Dr. Charles LaRoque, a Sisseton-Wahpeton who will soon leave for another facility, said he had never seen such a strangulating tangle of regulation as the hospital and physicians are subjected to.
"We are so regulated you would not believe. I was in the military, I was in basic training ... and let me tell you, that was a breeze compared to what we have to deal with in this hospital."
LaRoque paused to gather himself then tearfully related the story of a patient who came to the hospital needing equipment ruled a low priority. Physicians attempted to donate the money needed to get the equipment only to be told any money they donated must be diverted to the Aberdeen IHS office.
"Are you really here to help us?" LaRoque asked congressional representatives. "What (do) Sens. Daschle and Johnson and Rep. Thune feel about Indian Health Service? Are we going to get increases in funding? ... we are barely getting half, one half, of what we need."

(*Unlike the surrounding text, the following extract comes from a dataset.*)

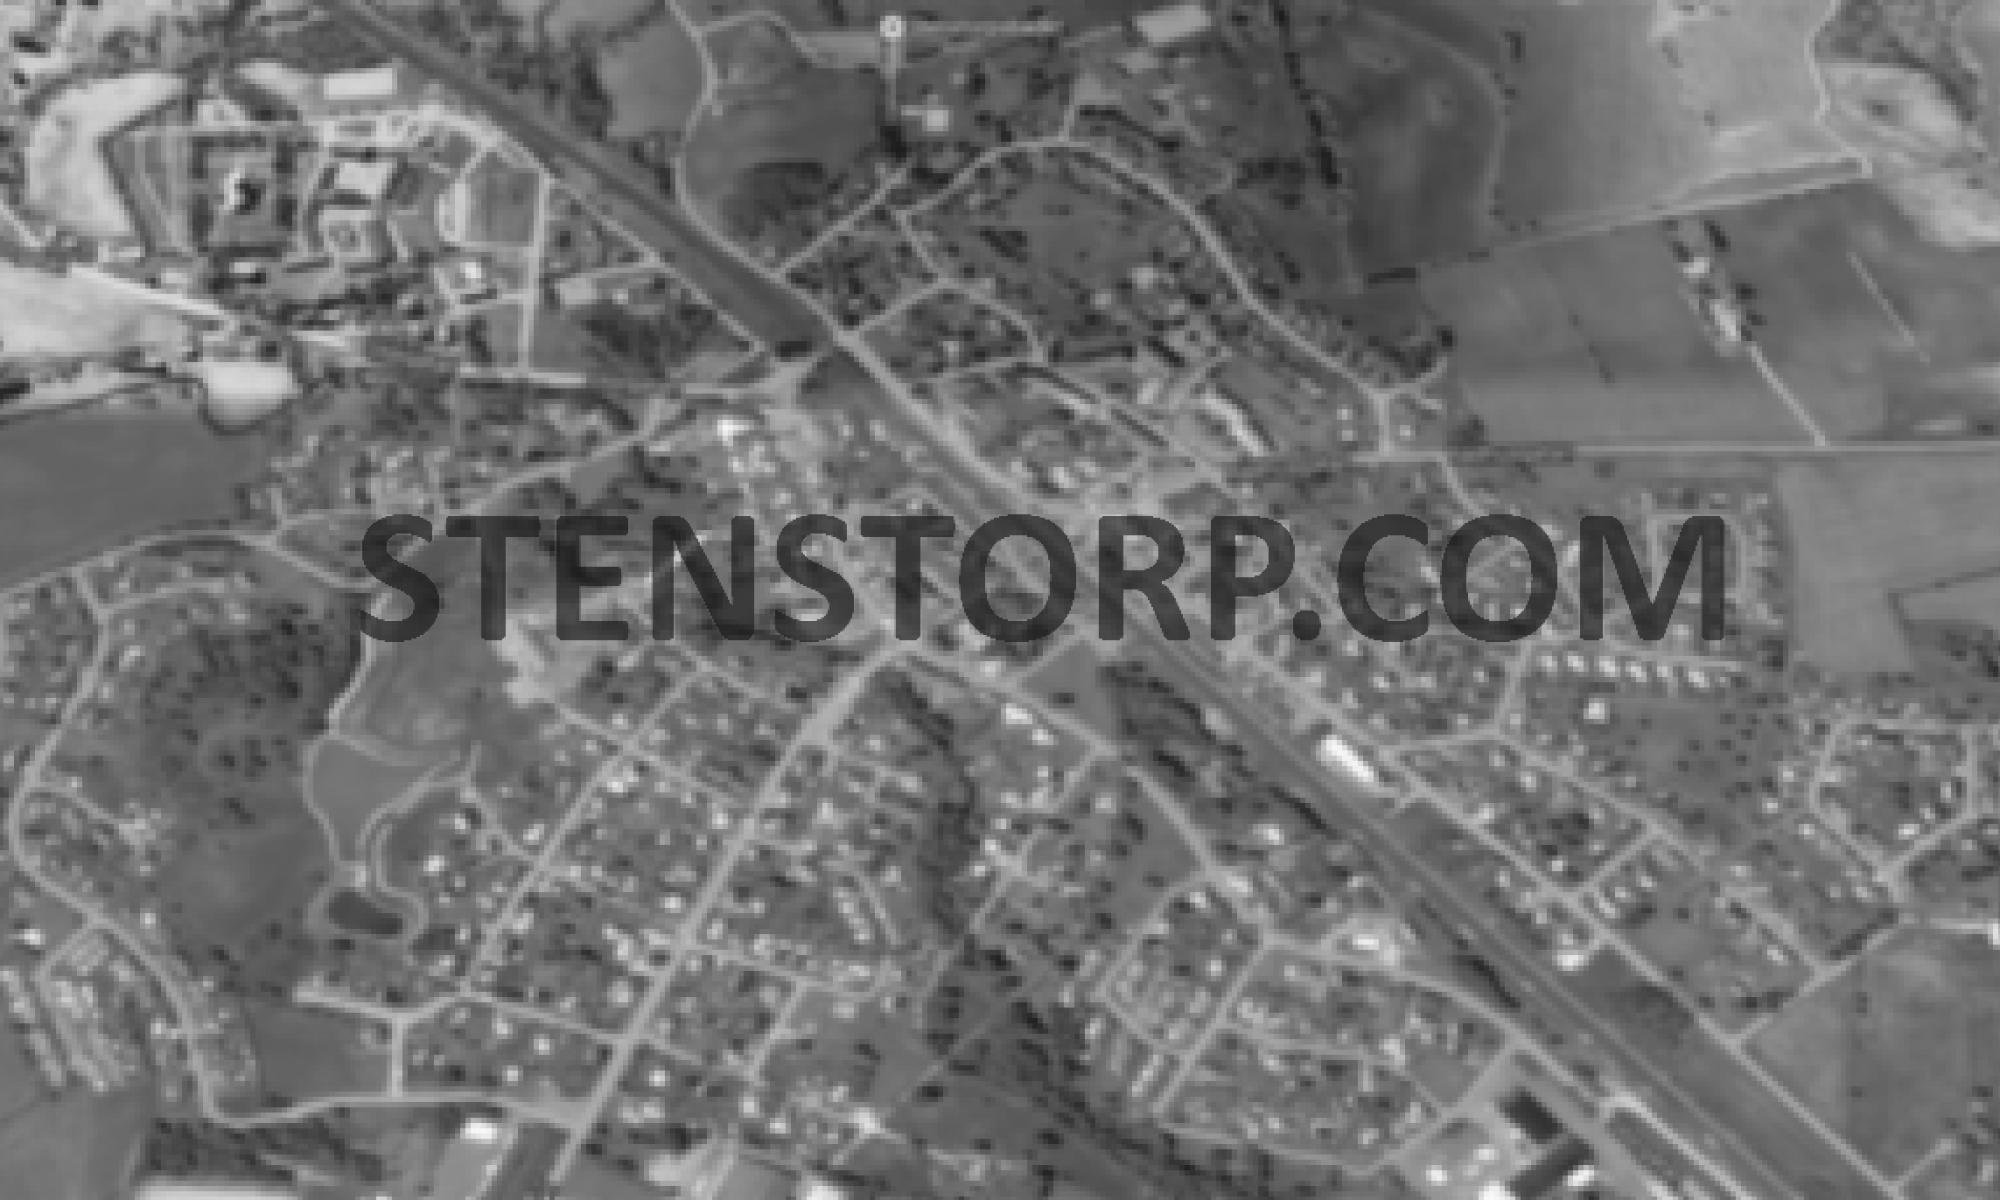 Stenstorp.com
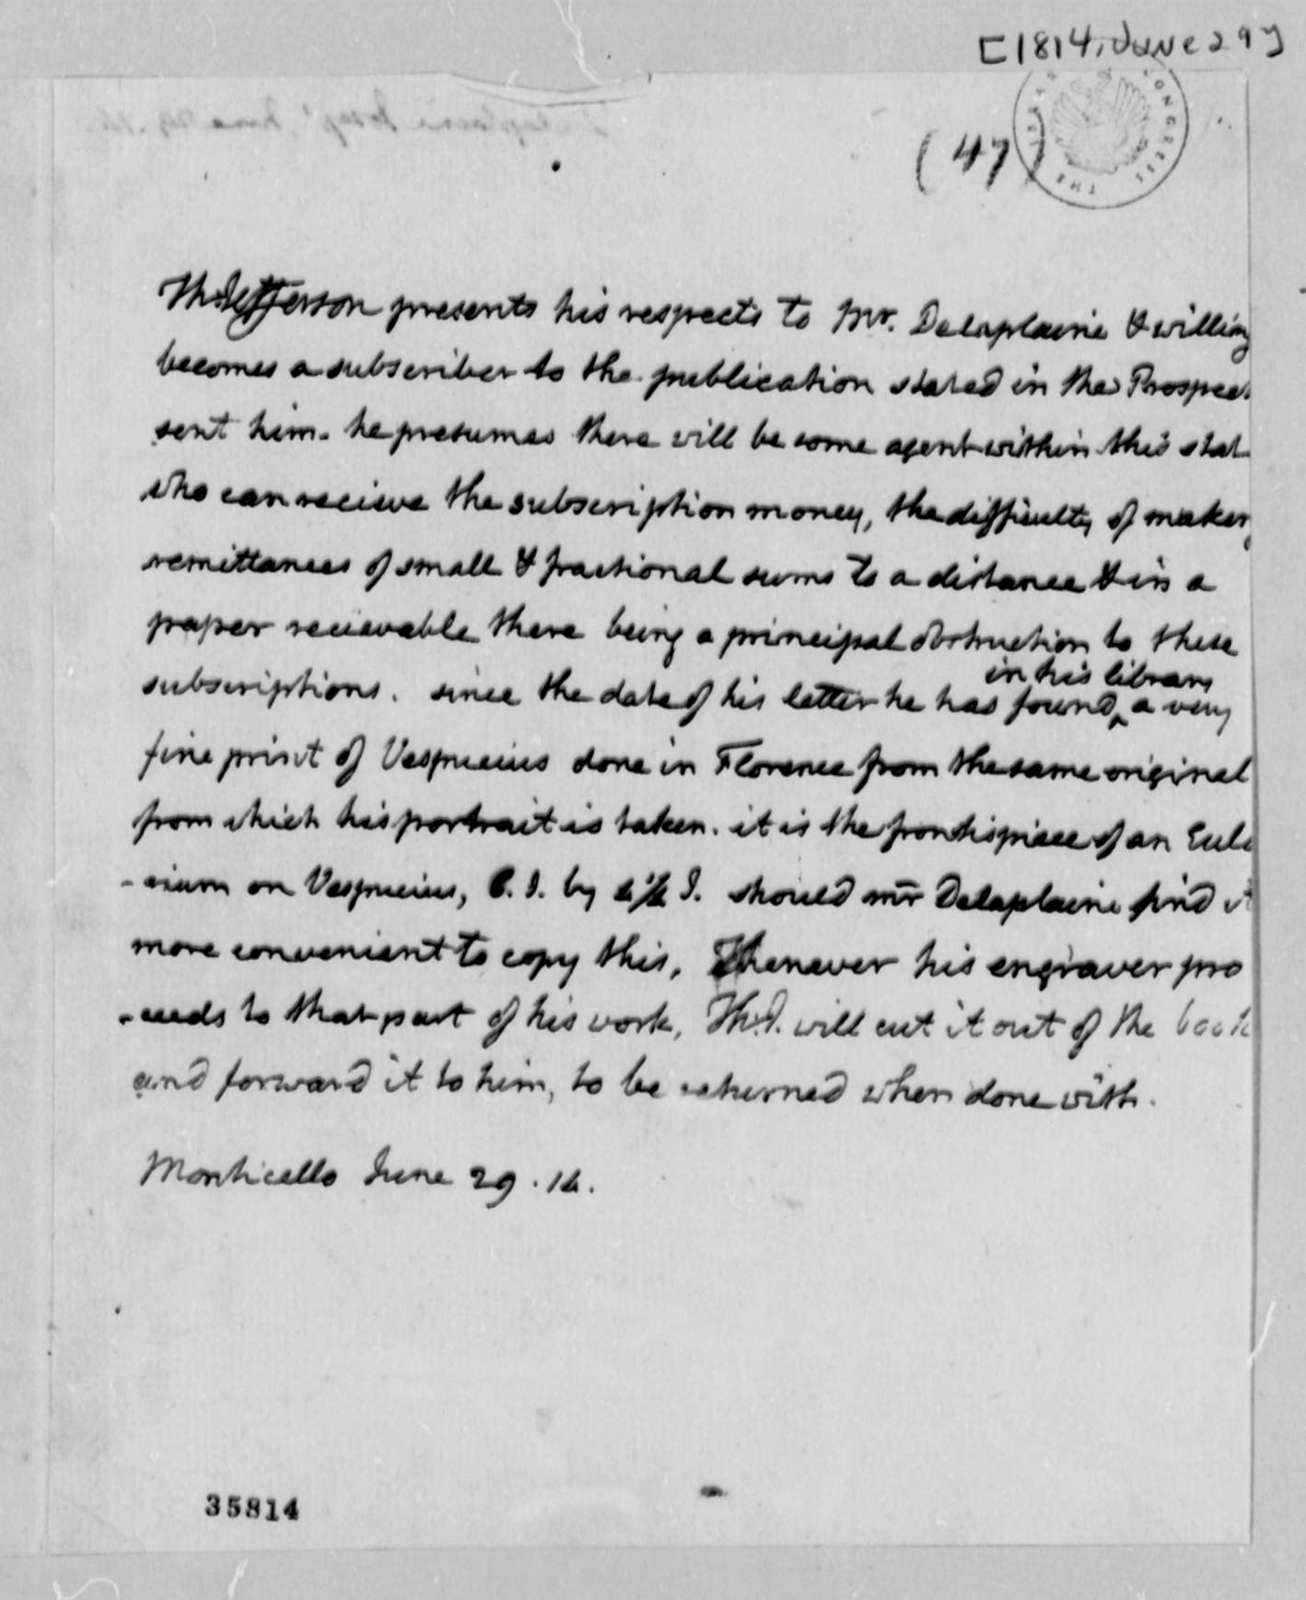 Thomas Jefferson to Joseph Delaplaine, June 29, 1814

He noted allocation to American Indian health is approximately 30 to 40 percent less than costs to care for non-Indian people in the private sector.
Members of the task force said they heard much of this information in previous meetings but the concerns had never been aired in public. Laurette Pourier pledged to make herself readily available as a contact, volunteering to take calls at home (605) 399-1802 and 388-3388. She said these stories need to be taken to the IHS chain of command above Leach because "that's where the decisions are made."
Valandra chided Leach for scheduling monthly meetings during daytime hours when most people have to work.
On the matter of an alleged extension of the accreditation review period, Leach acknowledged a request was made because "we're in the middle of construction ... we were told 'no' so they will be here in August."
Cecilia Montgomery, 90, devoted many years to American Indian health. Barely able to stand with the aid of a walker, she reminded the group, "The name of the game is Indian health, let's not forget that. When I first came to Rapid City in the middle '40s, we didn't have any health care. Many of our Indian people that got sick were never accepted in a hospital unless they had that almighty dollar to pay down for their treatment. You had to have money ... and many of our people had to go back to their own reservation for health care and some of them died.
"My own daughter, we had to take her back to Pine Ridge and she had a ruptured appendix on the way. That's what happened in those days. So my dear people, remember this is Indian health. Time tells the tale."